Opportunity Cost and the 20 Under 20 Prize

On PBS NewsHour yesterday Peter Thiel argued that the opportunity cost of college may be surprisingly high for many students, and indeed, as widely reported this past week, he raised the opportunity cost for some impressive 20 Under 20 prize-winning entrepreneurs. Economist Richard Vedder was on Peter’s side of the argument, and not so surprisingly Wesleyan University President Michael Roth was not.

But the opportunity cost argument is worth taking seriously, and the entrepreneurship example is certainly a good one for the introductory economics course. Ever since Tiger Woods took my Stanford Economics 1 course in 1996, I’ve started my text book and first lecture with the story about how he dropped out of Stanford and joined the pro tour after learning about opportunity cost from me. But in the 7th Edition (out this fall) we are using examples closer to Peter Thiel’s (who also was a Stanford student).

This photo is a great visual aid for discussing opportunity cost. It shows Barack Obama along with entrepreneurs and chief executives of top technology firms: Apple, Cisco, Facebook, Genentech, Google, Netflix, Oracle, Twitter, and Yahoo. They’re meeting over dinner to talk about the economy.

Everyone at the table has amazing stories about making choices. Mark Zuckerberg, sitting to President Obama’s right, faced a big choice when he was in college in 2004: whether to finish his degree or to drop out and devote all his time to transform a novel idea into a start-up firm. Doing both college and the start-up was not an option because time is scarce, only 24 hours in a day, not enough time to do both activities and sleep a bit. So he had to make a choice. In choosing one activity, he would have to incur the cost of giving up the other activity. Dropping out would mean passing up a college degree which would help him get a good job. Staying in college would mean he could not start up a new firm. Zuckerberg chose to drop out, and it looks like he made the right choice.
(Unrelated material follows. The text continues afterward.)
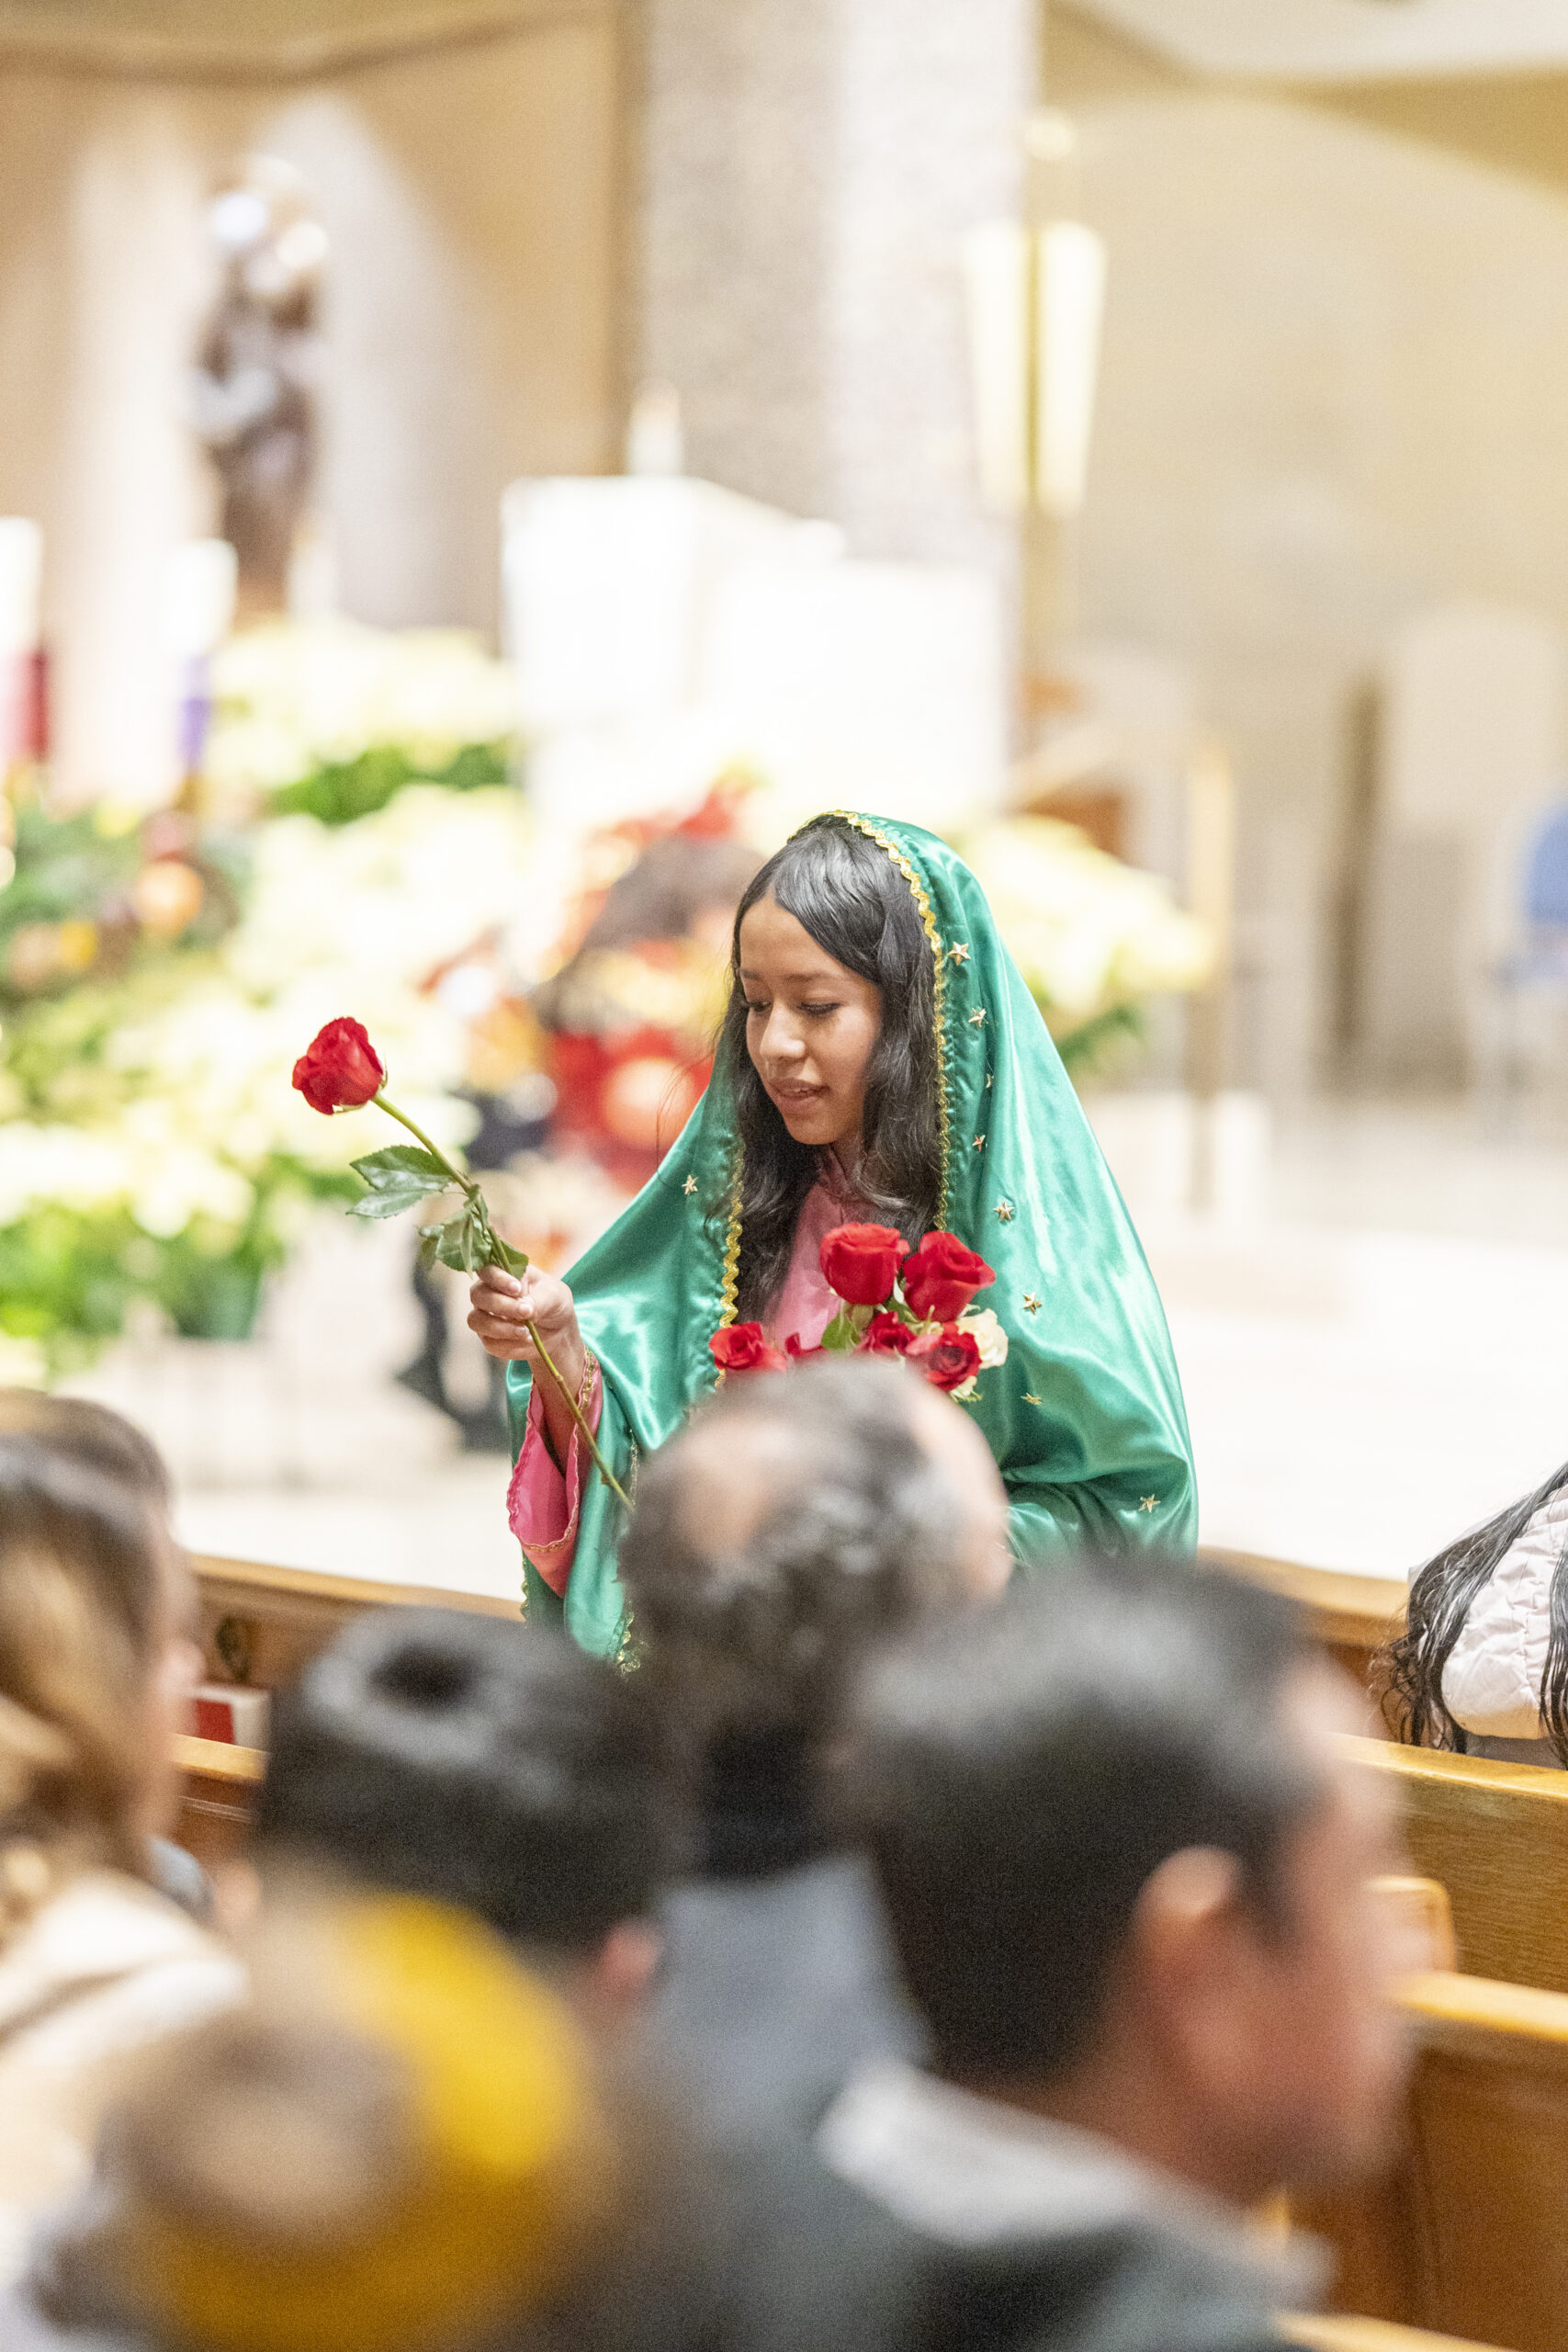 A woman dressed as Our Lady of Guadalupe distributes flowers at the 2023 Mass

Steve Jobs, sitting to the left of the president in the photo, also dropped out of college, but it was because he felt the cost of tuition was too high compared to what he was getting out of the formal courses. Better, he thought, to let his parents keep the money. A couple of years later Jobs founded Apple computer, but he credits its success to the freedom he gained to explore new activities without the structure of a college degree. Larry Ellison of Oracle, sitting right across from the president, also chose not to complete a college degree.

But it is very important to point out that not every executive in the photo chose to drop out of college. Carol Bartz, at the far end of the table, graduated with a degree in computer science, earning tuition money as cocktail waitress. Years later, it seems clear that she made the right choice for her: the college degree prepared her to run tech firms like Yahoo. Dick Costolo of Twitter also finished college. Others not only chose to finish college, they chose to go on for more advanced degrees. Reed Hastings of Netflix chose to get a masters in business. President Obama chose to go law school. Eric Schmidt of Google and Art Levinson of Genentech chose to get a Ph.D.

So behind the people in the photo are many different stories of scarcity, choice, and opportunity cost. Of course, neither the people in this photo nor the 20 Under 20 prize-winners are a representative sample. Gary Becker provides data that may be more relevant to most students.